= Live Communications Server 2005 =

Discontinued Microsoft communications server

Live Communications Server 2005 (LCS 2005), codenamed Vienna, is the second version of a SIP based instant messaging and presence server after Live Communications Server 2003. LCS 2005 was first released in 2005, and was updated with new features with Service Pack 1 in 2006. LCS 2005 has been superseded by Microsoft Office Communications Server 2007.

==Overview==
This product allows SIP clients to exchange IMs and presence using the SIMPLE protocol. The client also allows two clients to set up audio/video sessions, application sharing, and file transfer sessions.

The product was released in two editions, Standard Edition and Enterprise Edition. The Standard Edition uses a Microsoft SQL Server Desktop Engine (MSDE) (included with the product) to store configuration and user data. Enterprise Edition uses a full version of Microsoft SQL Server (purchased separately).

New features to this version compared to the 2003 release is the ability to leverage SQL and remote user access.

Presence is conveyed as levels of availability to communicate.
Levels of presence support by LCS:
- Online
- Busy
- Do not disturb
- Be right back
- Away
- In a Meeting

These presence levels are controlled manually and automatically. Automatic presence changes can be triggered by the following events:
- Locking the workstation -> Away
- Screen save launches -> Away
- User does not touch keyboard or mouse for a configured time -> Away
- User is in full screen mode -> Do not disturb
- A user is busy, according to the user's calendar on the Microsoft Exchange Server -> In a meeting

==Dependencies==
- Microsoft Active Directory
  - Storage of server configuration data
  - Authentication
    - Kerberos
    - NTLM
- PKI
  - MTLS - used for server to server connections
  - TLS - optionally used for client to server connections
- Microsoft SQL Server
  - Storage of server configuration data
  - User contact list
  - User watcher list

==Client Software==
- Microsoft Office Communicator 2005
- Windows Messenger

==Server Roles==
Both editions of the server software can be installed into several distinct roles:
- Home Server
- Director
- Access Proxy
- Branch Office Proxy
- Application Proxy

==Home Server==
In Standard Edition, this server role is designed to host data for the users. The user's data is stored in an SQL database on the backend server (on Enterprise Edition) or on the Home Server (on Standard Edition). The server stores each user's list of contacts and watchers.
The contact list is the list of users the end user has added to client software in order to facilitate the sending of IM's and for the monitoring the presence.
The watcher list is the list of other users that have added this user to their contact list.

==Director==
This optional server role is designed to be a kind of traffic cop when you have more than one Home Server role deployed or when you are setting up for remote users to connect to the Home Server.

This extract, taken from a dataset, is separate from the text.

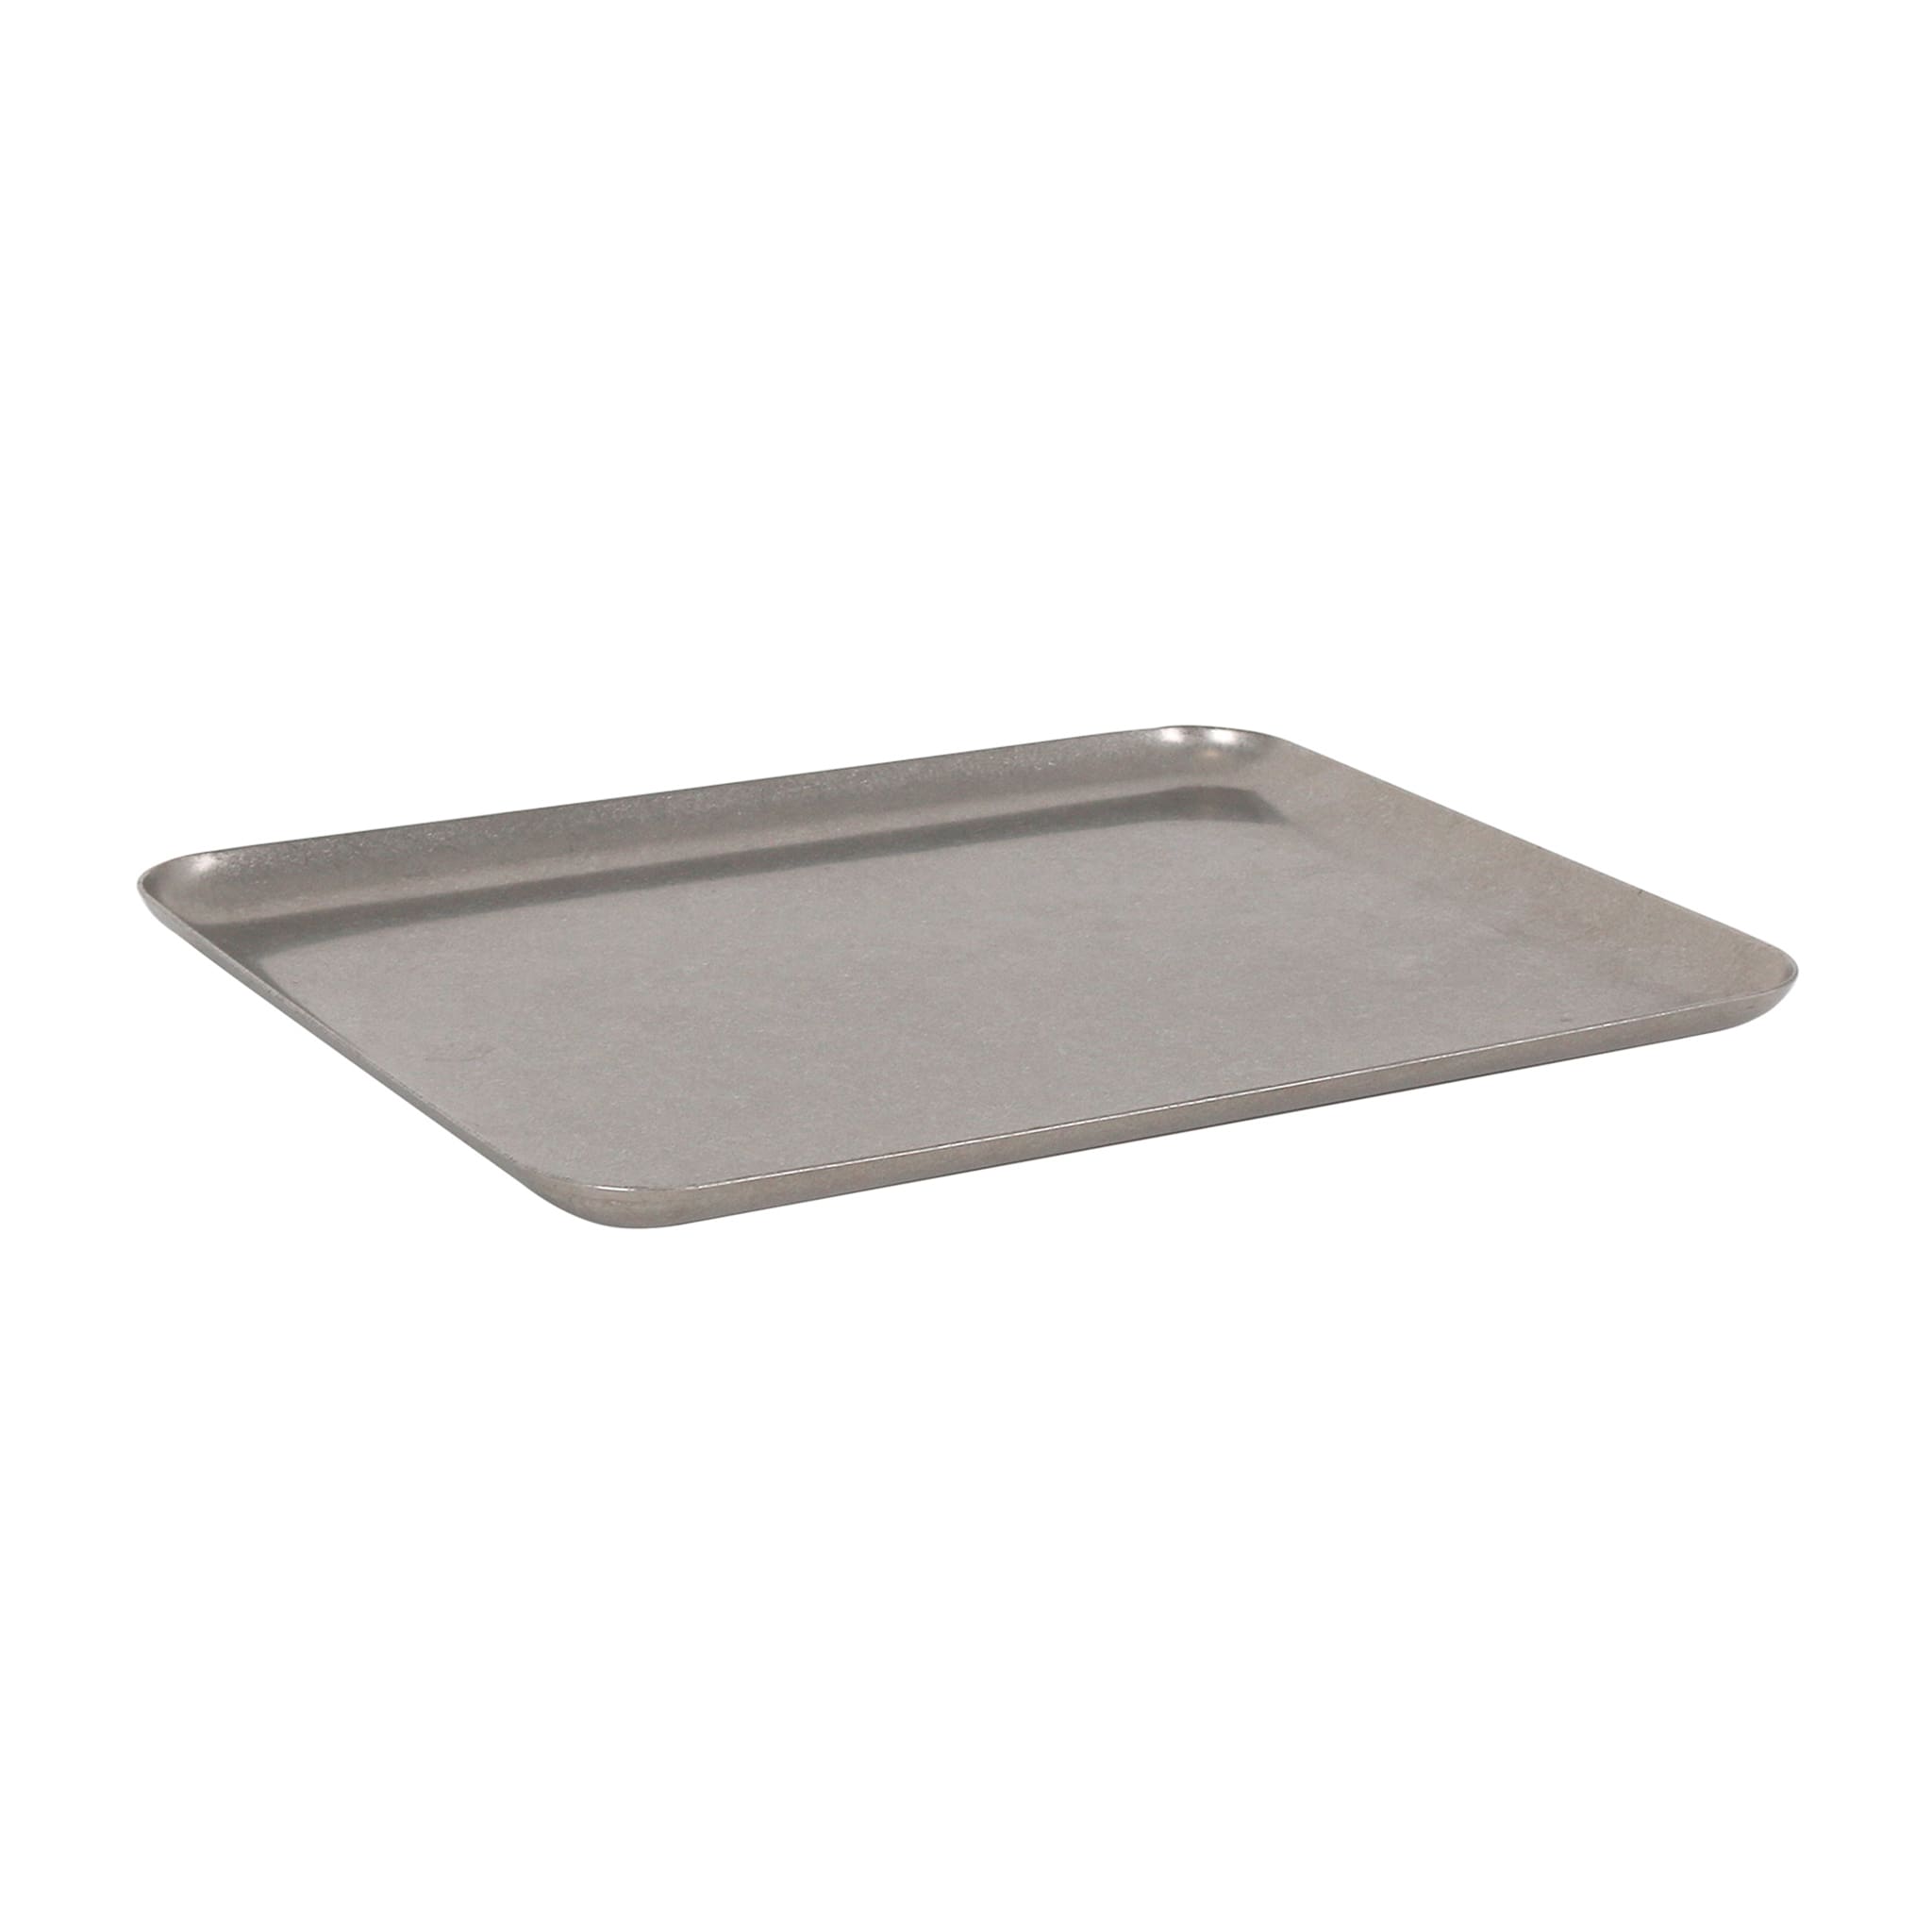 Vintage Style Stainless Steel Rectangular Serving Tray, 20.5x15.5cm

This server does not host any of the user's data, but knows which server each user is homed on, and can therefore redirect or proxy the request.

==Access Proxy==
This server role is required to allow remote SIP clients to connect from the internet. This server role would be traditionally deployed in a DMZ network. The server's job would be to scan the SIP traffic and only allow communication that the server had been configured to allow to traverse to the internal network. The traffic would be sent either directly to the internal Home Server or to a Director that would send the traffic to the appropriate home server, based on the user the message was destined to.

==Branch Office Proxy==
This role is used to aggregate connections, from a branch office clients, across a single Transport Layer Security (TLS) encrypted link, allowing many remote clients to share a single communication channel.

==Application Proxy==
This server role is designed to allow 3rd party developers to leverage the Live Communications Server SIP stack with a custom code running on top of it. This allows 3rd parties to make a gateway server that could be used to communicate with a PBX or other internal telephony infrastructure without having to create a fully functioning SIP stack.

==Public IM Connectivity (PIC)==
This is a feature that allows organizations to IM and share presence information between their existing base of Live Communications Server-enabled users and contacts using public IM services provided by MSN, AOL and Yahoo!. This was feature was introduced with LCS 2005 Service Pack 1 in April 2005.